Yes, at the end I ended with something like that, except that the RNG value is not the global one, but one defined inside a function depending on some input parameters (seed is provided or not, reproducible run is desired or not).
not really, I am comparing with the output of the same calculation in a series of controlled runs, with realistic input. So, yes, I am doing the brittle option probably, but I would feel quite unsafe if the testing was done with toy problems with analytical solution, because there are many many issues than could arise in corner cases of real problems because the actual “shapes” I am integrating are too complicated. For now I think I will stick with this option.
Perhaps you misunderstand: the issue is not how you obtain the “true” solution (analytical, or MC runs) you compare to, but how you establish the error bounds for CI.
Ah, yes. Well, for the moment the default precision required by isapprox seems to be completely safe for the sequential version with the stable random number generator.
Testing the parallel version of the package is a separate issue, where those problems arise more seriously. I am yet to setup a safe testing routine for those runs (while my package has a parallel version which is working quite nice, I do not know yet how to run parallel tests in CI, but just didn’t have time to search for that yet).
So you get √eps relative precision from a stochastic calculation? That looks suspicious — even for IID draws, you would need a very, very large sample.
If the random number sequence is exactly the same, why not?
I mean, this is just a more complicated example of this:
julia> import Random
julia> Random.seed!(123);
julia> sum(rand() for i in 1:1000)
503.24660050142177
julia> Random.seed!(123);
julia> sum(rand() for i in 1:1000)
503.24660050142177
Sure, but what are you really testing then? That the same calculation produces the same result? Or is it coded in two different ways, just using the same random stream?
Generally speaking yes, it is coded different ways. The idea is to have a bunch of tests that assure that whenever I introduce modifications in the package (to improve performance, for example, or new features), I do not break what was working before.

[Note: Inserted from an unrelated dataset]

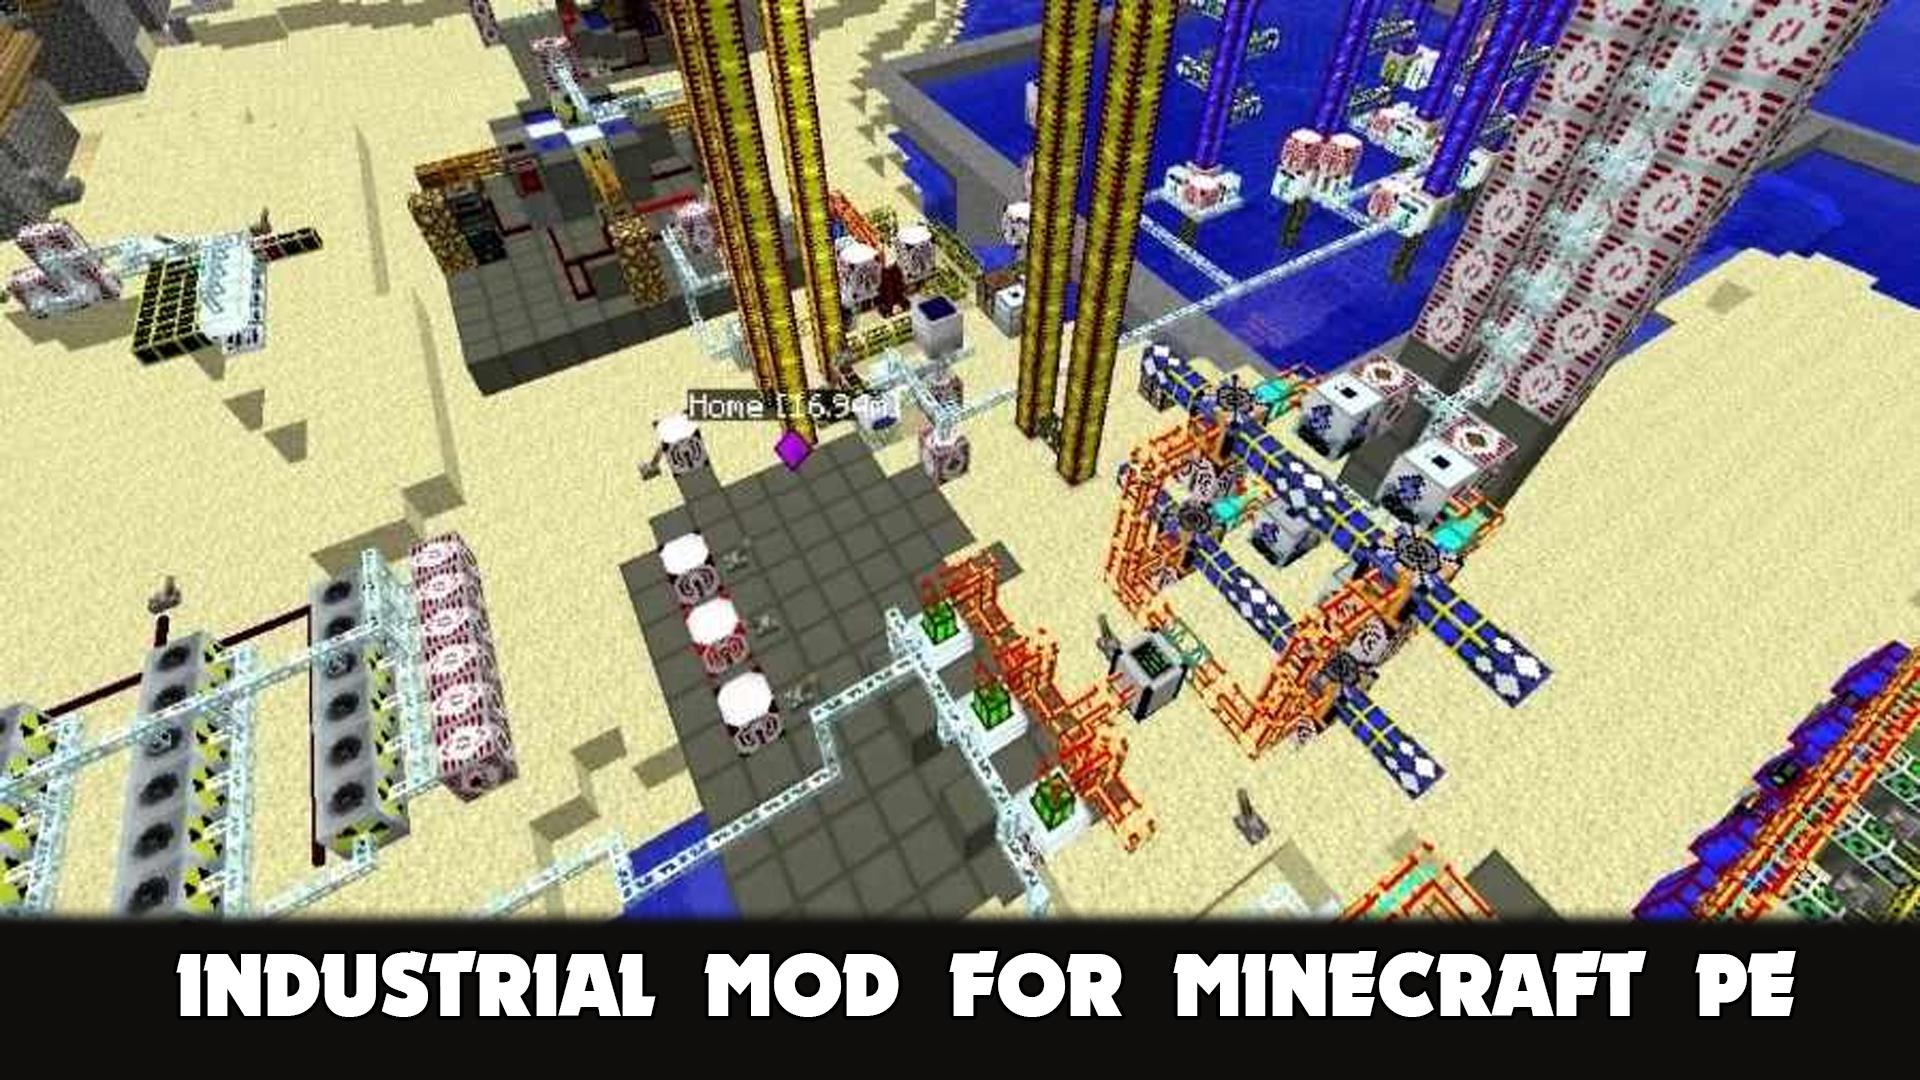 Industry mod for mcpe - Apps on Google Play

Is that different from testing in any other context? Of course some modifications can be breaking in terms of the tests because of these random number sequences, but many (and the most frequent ones) won’t be. So that reassures me that I have not introduced regressions whenever I fix a bug, add some feature, etc.
Edit: but I understand your point. This kind of test is not designed for a major algorithmic modification of the package, for sure, in which case the test should aim the comparison with an expected result with a reasonable precision. I do have some tests of this kind, but they are not part of the automatic test set, because they take too long to run for a safe precision threshold.
For example: if the the volume code above I decide to compute cutoff2 = cutoff^2 and not take the square root of the distance at every iteration of the loop. That saves ~5% of the time and the results are identical. It is good to have quick tests that assure me that I have not done anything wrong when small changes like that are introduced, and that everything continues to work as expected.
But since we are there, is there any limitation for CI testing? Can I add a test that takes half an hour to run?
Of course if that is possible I could add tests for which the actual result is compared to the expected precision that a user would expect from the results.
Generally one would test some invariant that should hold given inputs and outputs.
Hardcoding input/output pairs is occasionally necessary though.
This depends on your CI setup — most frameworks allow you so set a longer timeout. Of course this will burn up any free tier very quickly.
For some of the economic models I am working on, a CI run takes 2–3 hours. But it is still great because actual estimation takes 1–2 weeks, so catching errors early is valuable. We ended up running CI on our own machine using Gitlab.